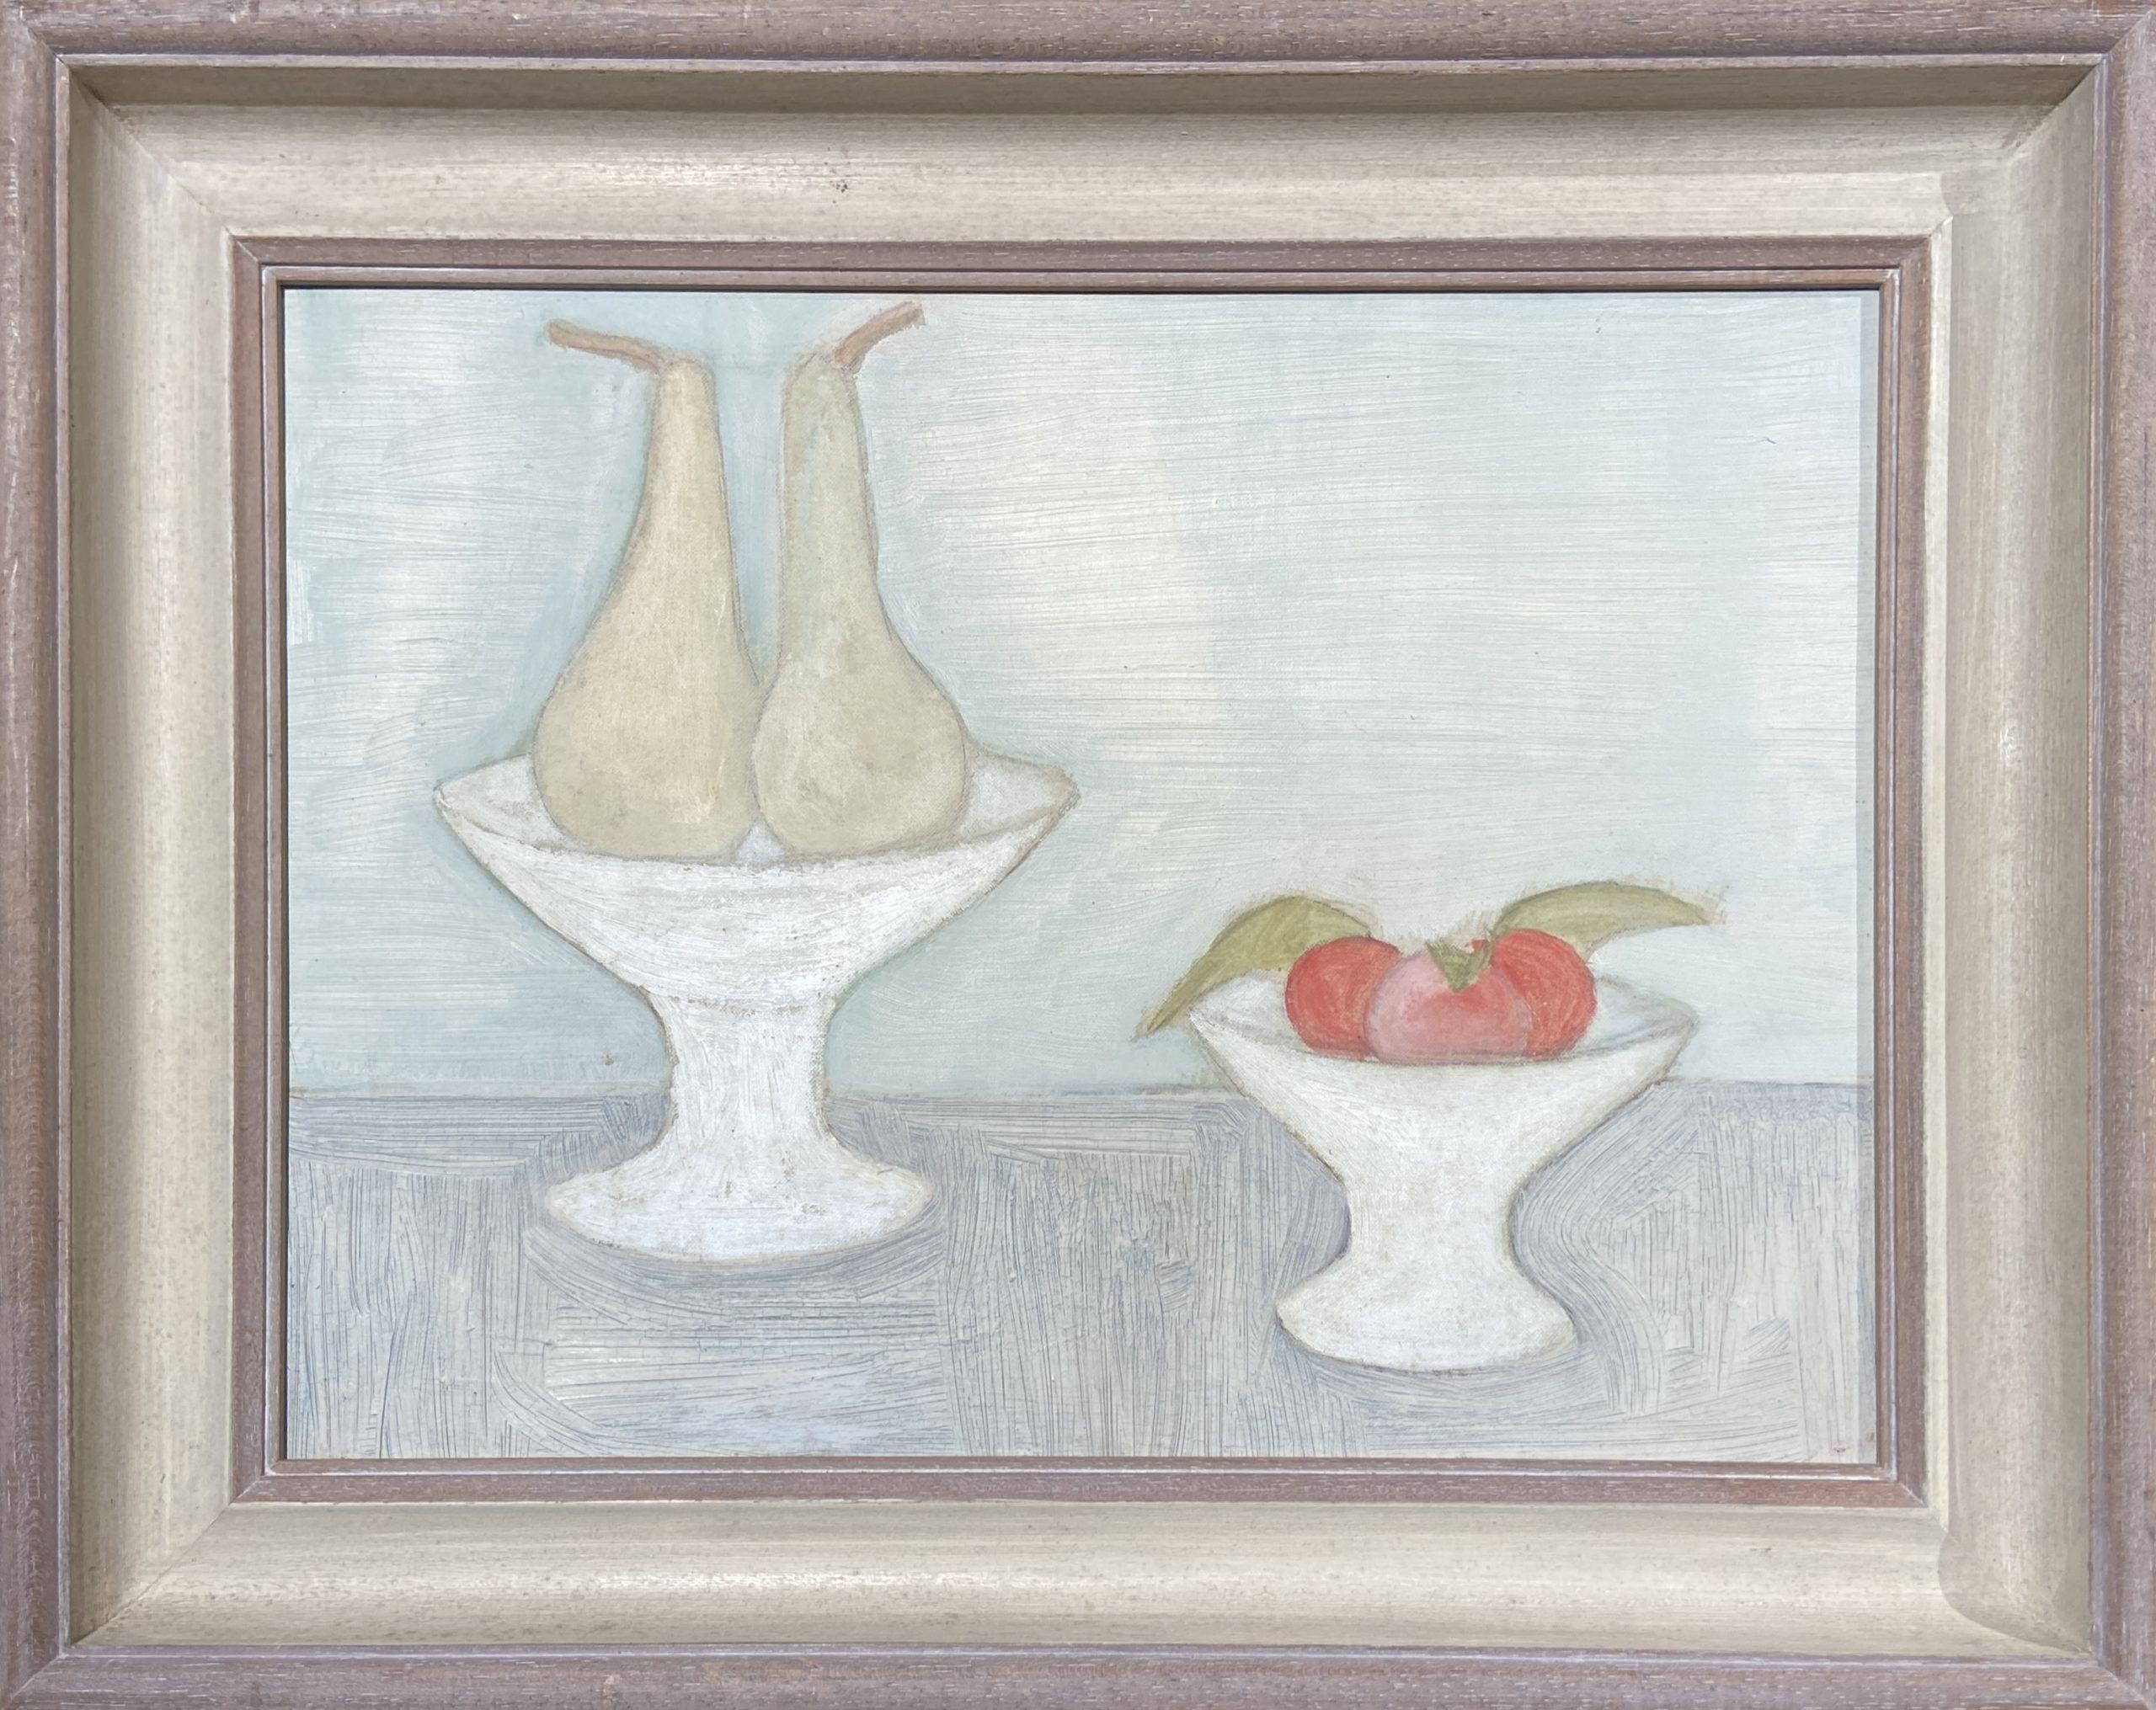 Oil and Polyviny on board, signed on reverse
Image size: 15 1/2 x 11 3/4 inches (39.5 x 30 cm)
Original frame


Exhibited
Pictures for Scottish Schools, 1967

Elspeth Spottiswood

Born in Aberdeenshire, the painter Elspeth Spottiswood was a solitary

========================================================================

▸ PROBLEM
Without carrying over any picture, write out the entries above once more, exactly.

▸ RESULT BELOW
 Oil and Polyviny on board, signed on reverse
Image size: 15 1/2 x 11 3/4 inches (39.5 x 30 cm)
Original frame


Exhibited
Pictures for Scottish Schools, 1967

Elspeth Spottiswood

Born in Aberdeenshire, the painter Elspeth Spottiswood was a solitary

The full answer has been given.